Applicant is required to either show where the support for limitations (1) and (2) can be found in the Applicant’s specification or cancel the new matter.
Claim Rejections - 35 USC § 101
35 U.S.C. § 101 reads as follows:
Whoever invents or discovers any new and useful process, machine, manufacture, or composition of matter, or any new and useful improvement thereof, may obtain a patent therefor, subject to the conditions and requirements of this title.
Claims 1-20 are rejected under 35 USC § 101 because they are directed to non-statutory subject matter. The rationale for this finding is explained below.

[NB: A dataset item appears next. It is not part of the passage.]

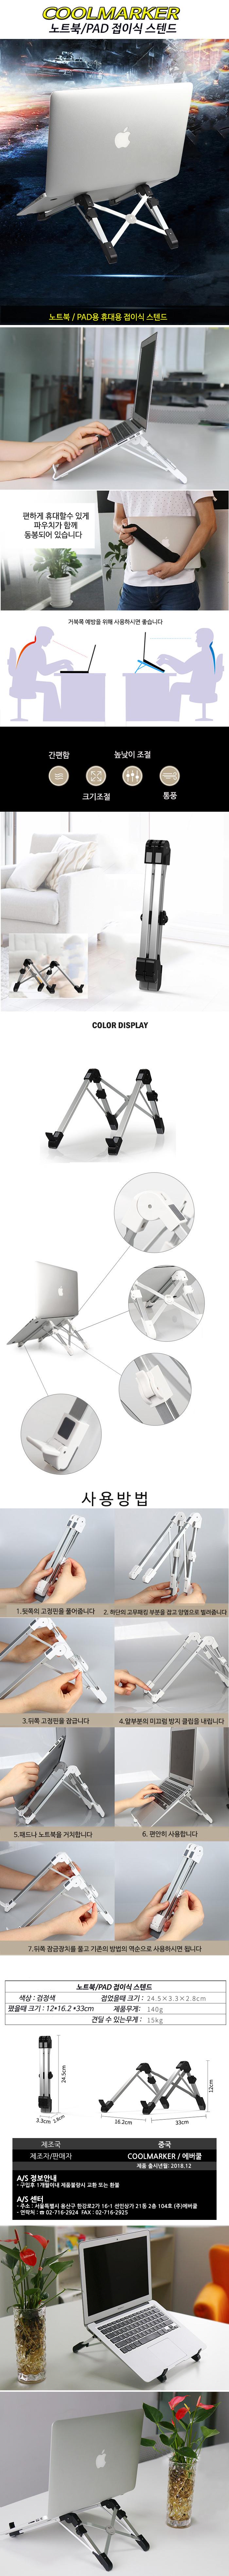 에버쿨 노트북/PAD 접이식 스텐드

The Supreme Court in Mayo laid out a framework for determining whether an applicant is seeking to patent a judicial exception itself or a patent-eligible application of the judicial exception. See Alice Corp., 134 S. Ct. at 2355,110 USPQ2d at 1981 (citing Mayo, 566 U.S. 66, 101 USPQ2d 1961). This framework, which is referred to as the Mayo test or the Alice/Mayo test (“the test”), is described in detail in Manual of Patent Examining Procedure (”MPEP”) (see MPEP § 2106(III) for further guidance). The step 1 of the test: It need to be determined whether the claims are directed to a patent eligible (i.e., statutory) subject matter under 35 USC § 101. Step 2A of the test: If the claims are found to be directed to a statutory subject matter, the next step is to determine whether the claims are directed to a judicial exception i.e., law of nature, natural phenomenon, and abstract idea (Prong 1). If the claims are found to be directed to an abstract idea, it needs to be determined whether the claims recite additional elements that integrate the judicial exception into a practical application (Prong 2). Step 2B of the test: If the claims are directed to a judicial exception, the next and final step is to determine whether the claims recite additional elements that amount to significantly more than the judicial exception.
Step 1 of the Test:
When considering subject matter eligibility under 35 USC § 101, it must be determined whether the claim is directed to one of the four statutory categories of invention, i.e., process, machine, manufacture, or composition of matter. Here, the claimed invention of claims 1-7 is a system, and, thus, one of the statutory categories of invention. Further, the claimed invention of claims 8-13 is a series of steps, which is method (i.e., a process), which is also one of the statutory categories of invention. Still further, the claimed invention of claims 14-20 is one or more non-transitory computer-readable media, which is also one of the statutory categories of invention.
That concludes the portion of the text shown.